A Q&A with Tomasz Kozlowski, AMBASSADOR of the European Union TO INDIA on international women's day


Tomasz Kozlowski

Plan India, with the Delegation of the European Union to India and the Embassy of Finland jointly celebrated International Women’s Day to promote gender equality and the empowerment of women and girls so that they can learn, lead, decide and thrive.

To mark the day, Tomasz Kozlowski, Ambassador of the European Union to India, participated in a panel discussion on ‘Women and Economic Empowerment’ with Nina Vaskunlahti, Ambassador of Finland to India, Bhagyashri Dengle, Executive Director, Plan India along with Nisha, a member from the Banking on Change project.

Tomasz Kozlowski, Head of the Delegation of the European Union in New Delhi shares his thoughts on the changes he has witnessed through economic empowerment programmes and why supporting women is essential for sustainable development.

Q 1: As an Ambassador to India, what message would you like to convey on the International Women’s Day?

Tomasz Kozlowski: Whether in Europe or anywhere else in the world, EU works to promote gender equality and women's empowerment in all aspects of life. This is key to whether and how our societies and economies thrive. I would like to recall the signal contributions being made by Indian girls and women in all spheres of activity including education, medicine, law, scientific research, sports, administration and business. Their outstanding performance has been a source of pride to all Indians and shown that they are and should be acknowledged as equal partners in every way.

Women have a central role to play in the development of the Indian economy and need to get a fair share of its direct and indirect benefits. There is still a lot of work to do, in both our societies to achieve gender equality, and I am confident that we can achieve much more together.

Q 2: You have partnered with Plan India for an economic empowerment program in Uttar Pradesh, could you share a few experiences of how impactful the program had been? How has the programme been able to bring about a change in mindsets towards women and their economic empowerment?
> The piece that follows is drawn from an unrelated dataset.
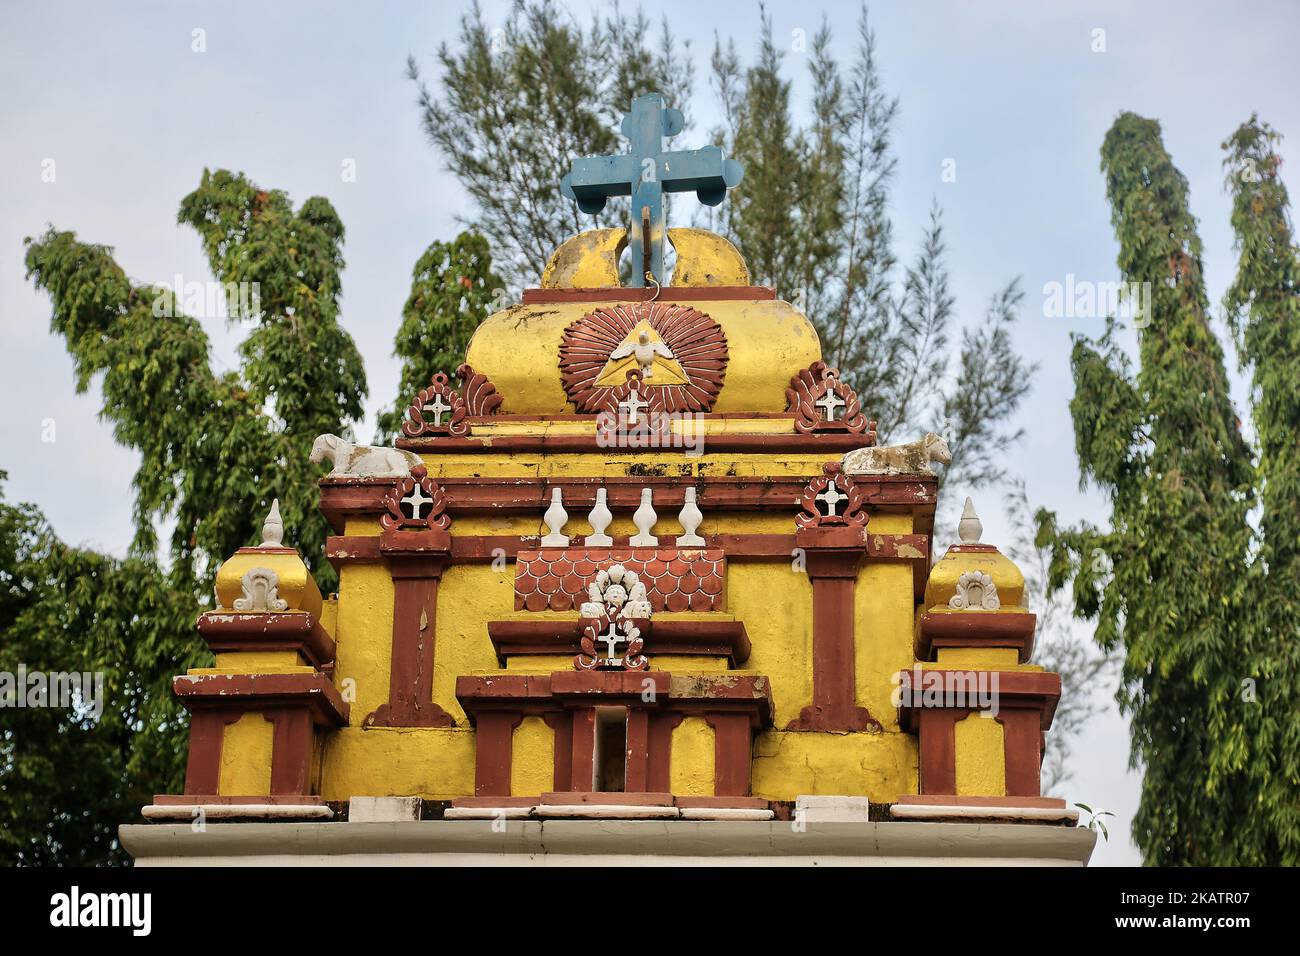 The Karuna Nilayam Church of Ceylon in Killinochchi, Sri Lanka. The unique style of design of the Karuna Nilayam Catholic Church mimics the traditional architectural style commonly seen in Hindu temples throughout Sri Lanka and South India. (Photo by Creative Touch Imaging Ltd./NurPhoto) Stock Photo

Tomasz Kozlowski: The EU is committed to gender equality and women's empowerment in Europe and its initiatives across the world. Just to list an example, we have been working on an action plan to tackle the gender pay gap in the EU, while in India, we supported a project on gender-wage parity in Uttar Pradesh in partnership with Plan India.

Project Samanta benefited more than 10000 women by increasing substantially their salaries to make them equivalent to men engaged in the same jobs. At the same time, more than 20000 kids of working women were enrolled in appropriate learning institutions. This project also led to increase in awareness about wage parity in the region, including with government officials. While this is a small initiative, we hope this will be replicated in other States.

Additionally, all our development cooperation projects in India or anywhere else in the world are required to be gender sensitive in order to get approved, and we make sure that all projects benefit as much as possible women as well as people in vulnerable situations.

Q 3: Could you also tell how do you think the economic empowerment of women can make a difference?

Tomasz Kozlowski: It is important to have more girls in schools and more women active in our economies. Europe does not have enough female entrepreneurs: They account for only one third of all entrepreneurs in the EU, and the presence of women in STEM (Science, Technology, Engineering and Mathematics) is even lower.

The economic empowerment of women, which is out theme for International Women's day 2018, is not only a moral imperative, but it also makes perfect sense in economic terms as all studies show. For example, it has been estimated that without a significant increase in female entrepreneurs, we are set to lose EUR 11,500 billion in economic growth between now and 2025 in the EU. Imagine the equivalent numbers for India. Now this cannot happen overnight, and we need to start taking small steps by way of education and change in mindset to be able to take big leap in the future.

To reach those goals, there is a question that we must honestly face: in order for women to fully assume their role and make the most of their potential in the labor market, we have to do everything we can to make sure that this is not done at the cost of their family life. No mother – or father – should be put in a position of having to choose between being a successful professional or a caring parent.